仕事としてはいろいろありますが、その日の最後に次の日の部屋割をします。その際、次の朝、清掃の人に渡す昨日の分のお掃除表があるのですが(部屋に対しての人数を書いてある)、たまに人数間違いをすることがあります。確かに間違うことは清掃の人に迷惑を
かけることになるので申し訳ないと思っていますが、
ただそのオバサンはちょっとした間違ったことに対してでもものすごい剣幕で吠えたててきます。(彼女は旧館からの引き継ぎでこちらの新館で働いています。かなりの古株ではあります。)

先日も内線に出ると受話器を離さないとならないくらい大声で吠えたててきました。すいませんと謝っても、お前わざとしてるんと違うんか?誤ったたらすむと思ってるやろ・・。ニタニタ笑いながら謝りおって(私は仕事柄笑顔がモットーですので・・)と口汚く罵り大声で怒鳴りながら人を責めるんです。

とにかくどのスタッフに対しても大声で怒鳴る、罵倒する、ギャンギャン喚く・・。どうして普通に受け答えができないのかと不思議です。いつも苦虫を噛み潰したような顔をしています。そのくせ社長に対してはネコ撫で声で素直らしいです。

万が一また間違って彼女の罵倒する声を想像すると頭が重くなってきます。顔を見るのも嫌悪感を感じるようになってきています。なんだか彼女の声になにかを潰されそうな気がします。ストレスを感じます。

どうすれば彼女にうまく接することが出来るでしょうか?あるいは何が彼女をそうさせているのでしょうか?
私も年齢的に新しい仕事を探すのも難しいし億劫になっていますので、ここであとしばらく頑張らないといけない状況ですのでこういった状況は辛いです。

すすきさん

回答 カウンセラー: 大谷常緑
すすきさん、こんにちは。
ご相談を担当させて頂く大谷です。
よろしくお願いします。

ご相談の職場の困ったサンは、本当に困ったサンですね。
すすきさんをはじめとして他の皆さんも、気持ちよく仕事をされようと思っておられるのに、職場の困ったサンと接すると気分が悪くなりますね。彼女と接する事がとても怖くなっておられるかも知れませんね。

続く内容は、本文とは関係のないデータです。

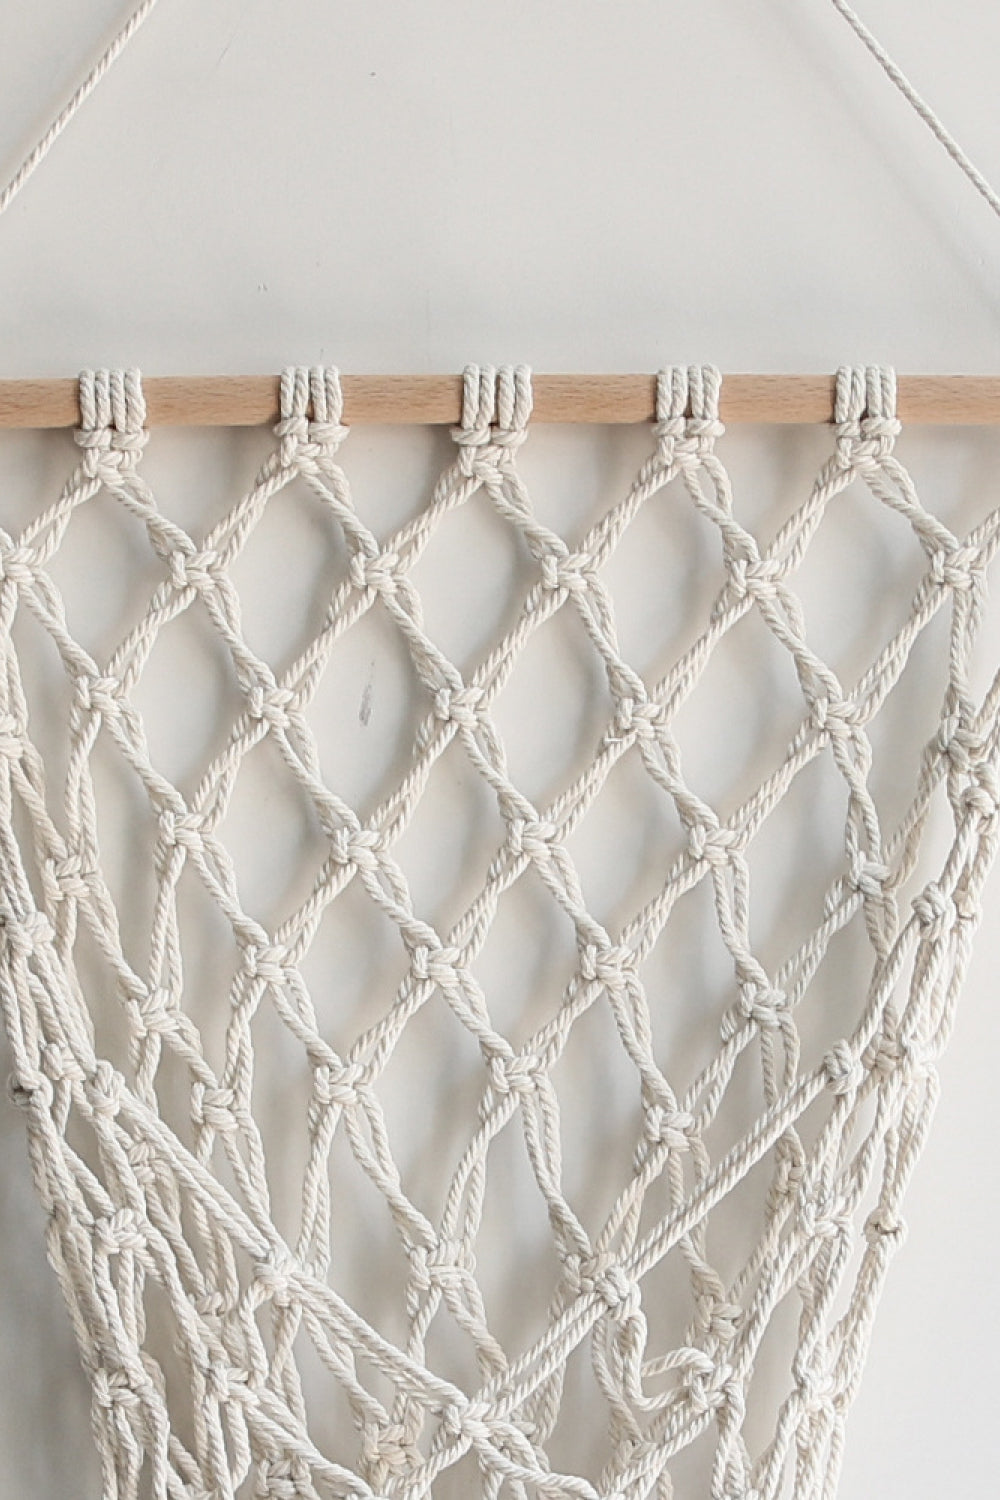 Macrame Basket Wall Hanging - Premium  - Just $21! Shop now at Nine Thirty Nine Design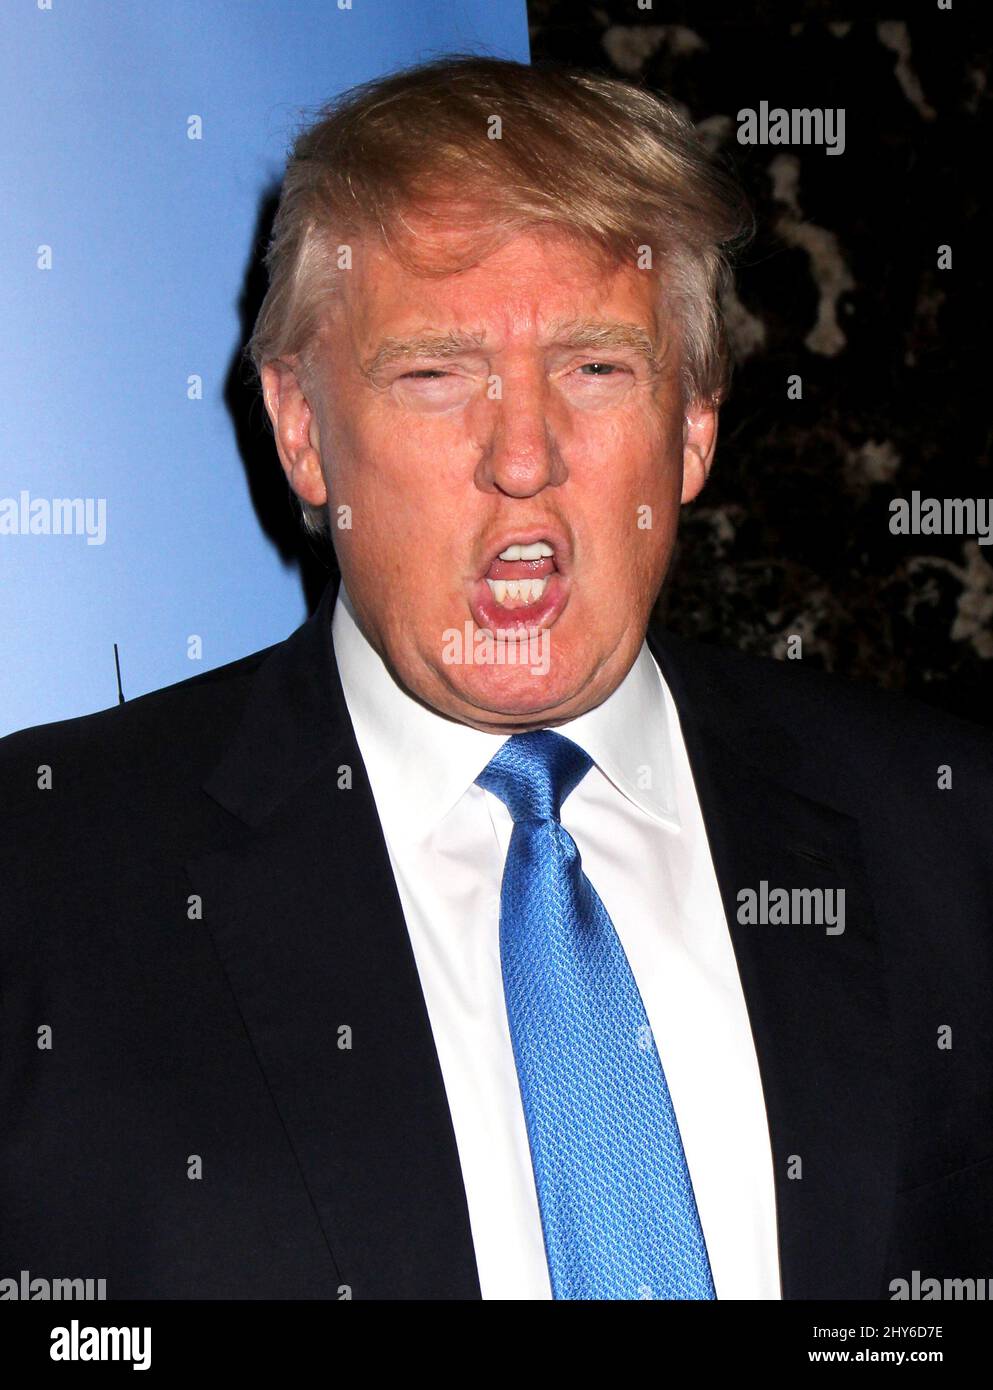 Donald Trump participe à l'événement tapis rouge « Celebrity Apprentice » à Trump Towers à New York Banque D'Images

さて、ではどうして彼女はそんな振る舞いをするのかからお話ししていきましょう。

誰かにガミガミ言う時、そんな時は誰しも心に余裕が無い時ですね。
「あー今日は気分爽快!さて誰かに文句を言ってやろうか」なんていう人は、まぁいないものです。
彼女は普段から、心に余裕がない人なのだなぁという事を先ず理解してください。

では、彼女はどうして心に余裕が無いかという事を考えてみたいと思います。
彼女の、みなさんに接する態度の一つに、「ちょっとした間違ったことに対してでもものすごい剣幕で吠えたててきます。」というのがありますね。彼女は、間違いに対してとても厳しい態度をとる、言い換えれば、間違いに対して非常に敏感になっているわけです。

では、どんな時に我々は何かに対して敏感になるのかを考えてみましょう。

例えば、Aさんは、Bさんと会うために、ある決まった時刻に発車する電車に乗らなければいけないと思ってみてください。

先ずは、十分に余裕がある時間に家を出たとします。そんな時には時間をほとんど気にすることなく駅に向かいます。場合によっては、立ち止まり道端の花を見て、季節の移ろいを感じたりするかもしれません。余裕綽々ですね。

しかし、間に合うかどうか本当にギリギリの時間にAさんが家を出たとします。そんなときは、何度も何度も時計を見たり、信号が早く変わらないかとイライラしたり、場合によっては駆けたりするかもしれません。そんな時は時間をとても気にします。時間にとても敏感になります。

この例から、Aさんは、「電車に乗り遅れそうな自分」を感じたときに、「遅れてはいけない」と、遅れることと直接結びつく「時間」に敏感に反応するのですね。そして、遅れまいと一生懸命頑張るのです。
電車に乗り遅れそうな自分→遅れてはいけない→時間に敏感になるという構図です。

これを職場の困ったサンの行動に当てはめると、「間違ってしまいそうな自分」を感じて、「間違ってはいけない」と「間違うこと」に敏感に反応するのですね。そして間違えないように一生懸命頑張るのです。
間違ってしまいそうな自分→間違ってはいけない→間違いに敏感になるという構図になります。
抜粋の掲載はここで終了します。